Constraining the amount of data embedded in pages will also help reduce overall page weight.

As noted in the discussion on reusing fact checks some additional properties will be needed to support traversal across the graph of relationships defined within the Claim Review model. Ideally these would be defined by Schema.org to avoid the need for custom properties.

Expose all of the key resources in the Claim Review model

Reviewing the current model and proposed ways of enriching the core data, I would suggest exposing endpoints for all of the following:

  • Fact checking articles (e.g. FactCheckingArticle as noted here) – to allow users to find lists of articles published by Full Fact
  • Claim Reviews (ClaimReview, e.g. /claim-reviews) – to support users in finding individual reviews, separately to the blog posts they are contained in
  • Claims (Claim, e.g. /claims) – to allow querying for individual claims
  • Appearances (CreativeWork) – to list the posts, articles, etc that have been referenced as sighting of a claim

With the addition of suitable filters these entry points would provide useful slices of the content.

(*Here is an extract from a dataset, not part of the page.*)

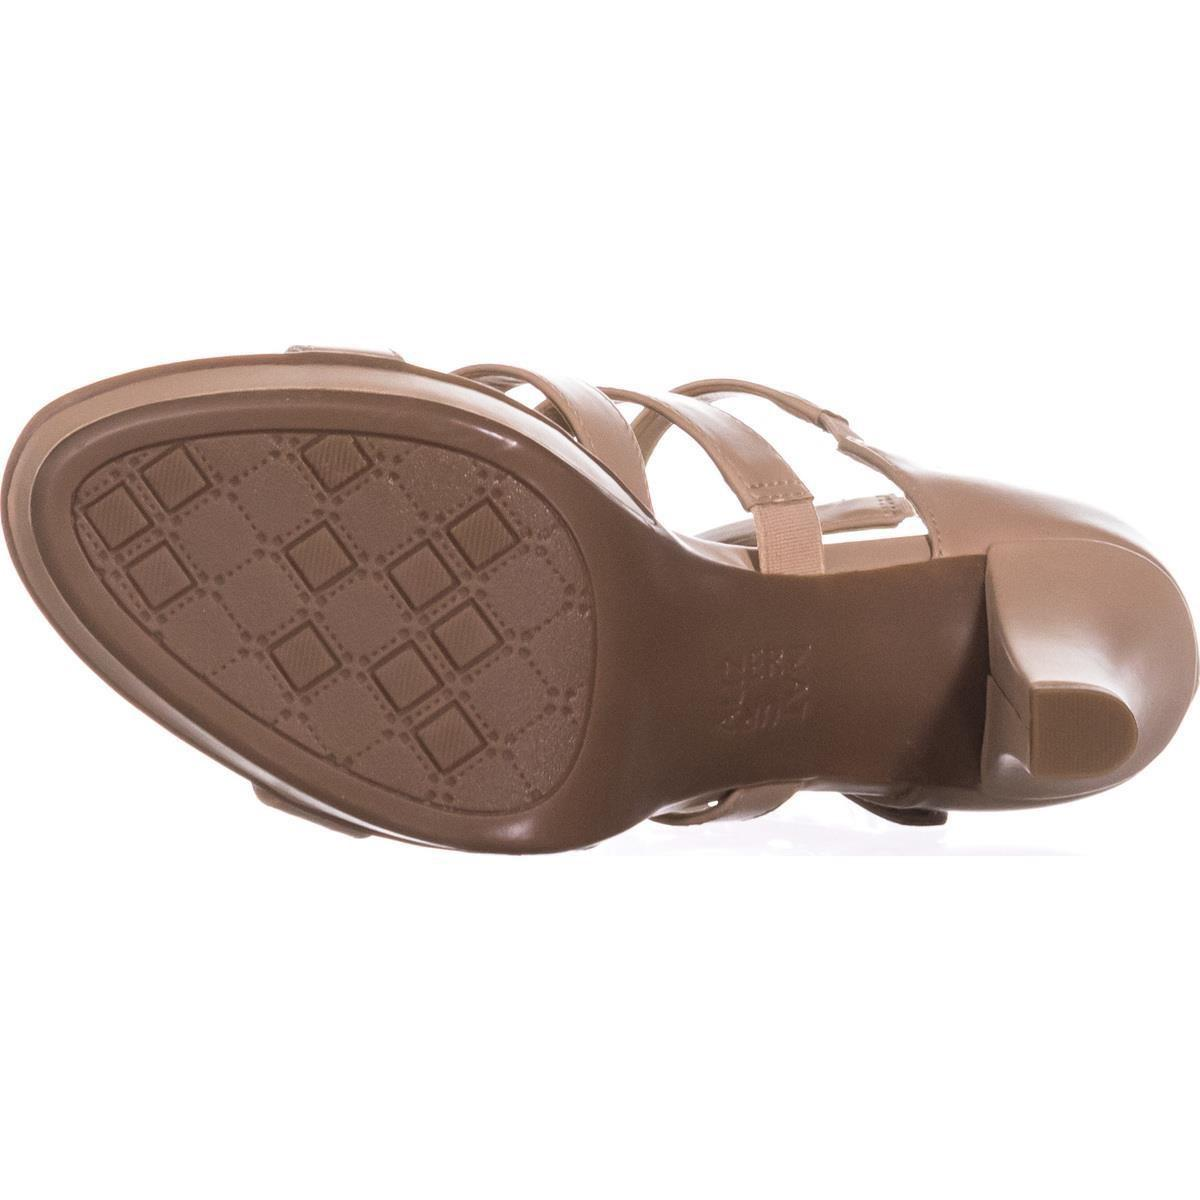 21a335a93823 Lyst - Naturalizer Dessie Strappy Platform Sandals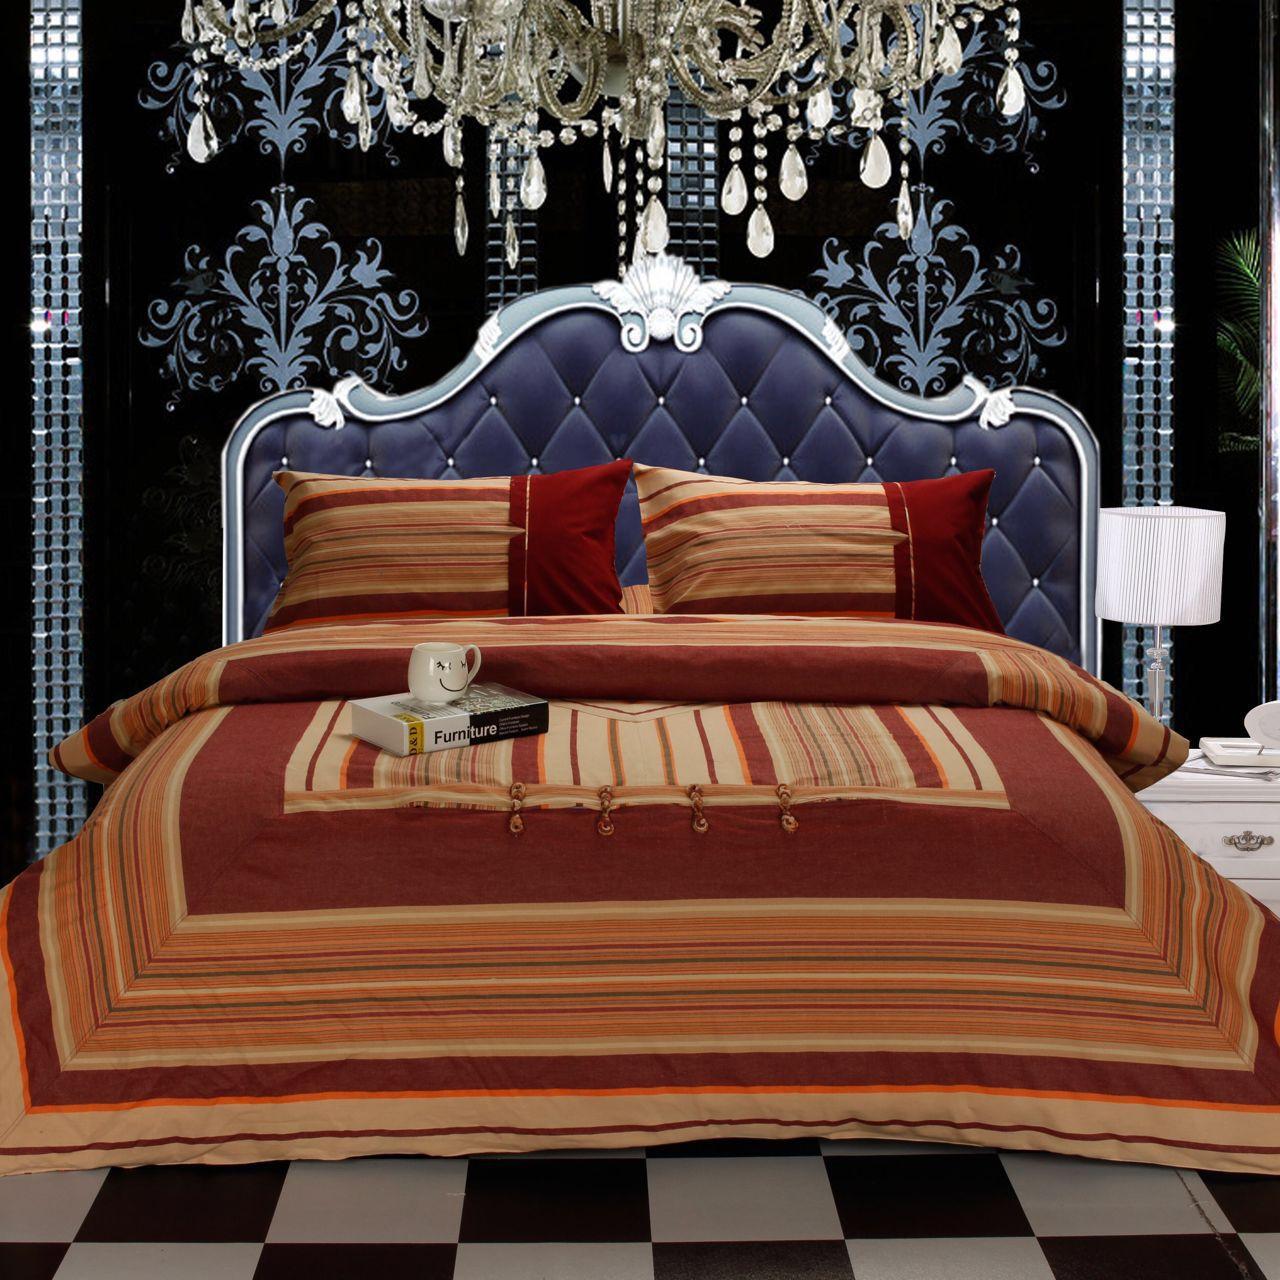 全老粗布四件套棉复古中国风盘扣床上用品家纺床单加密被套批发

Supporting filtering based on property values and external identifiers

Allow filtering of lists of articles, claims, etc by a range of filters provided as URL parameters. I would suggest supporting the following:

  • by date – to filter articles, reviews, claims, appearances based on when they were published and/or modified
  • by author – to filter claims and appearances based on author, to allow users to find claims made by a specific person
  • by topic – to filter claims based on the subject (DefinedTerm) used to categorise them
  • keyword – a free text search over textual properties, e.g. descriptions of claims, or the body of a fact checking article

Additional filters could allow further restrictions, e.g. appearances that have been corrected, or from specific platforms (based on their URL). But the initial suggestions provide useful ways of refining a list to items of interest.

Where there are links to external Wikidata urls, e.g. for people, organisations or topics, then I recommend allowing filtering based on both their identifiers (e.g. P2561) and their labels.

API Documentation

There are many useful tools for generating interactive and navigable API documentation. These help users quickly and easily explore an API to test queries and view results.

But some additional reference documentation would help users understand the overall shape of the data, how it is created and how it might be revised. This would include things like:

  • a summary of editorial policy that informs how, or whether individuals posting material to social media are named in the data
  • a summary of editorial policy that informs linking to citations and datasets
  • an indication of when richer information, like sameAs links can be expected to be available for different types of resources
  • any patterns of applying Claim Review that are specific to the “Full Fact profile”, e.g. whether fields like firstAppearance are used. Or how and when appearances might be revised, etc.
  • areas of the model that may change, e.g. based on further standardisation work

Licensing

Finally, the API ought to have:

  • a clear set of terms and conditions that describe the terms of use of the API, relevant disclaimers, etc
  • separately, a licence that applies to data available from the API

The licence for the data may be different to the licence that applies to the content. For example, the data might be available under a CC-BY licence, but Full Fact may prefer to apply a more restrictive licence to its content.

The licence statement should also be clear that it applies to the data retrieved by the API and not all content or images linked from it.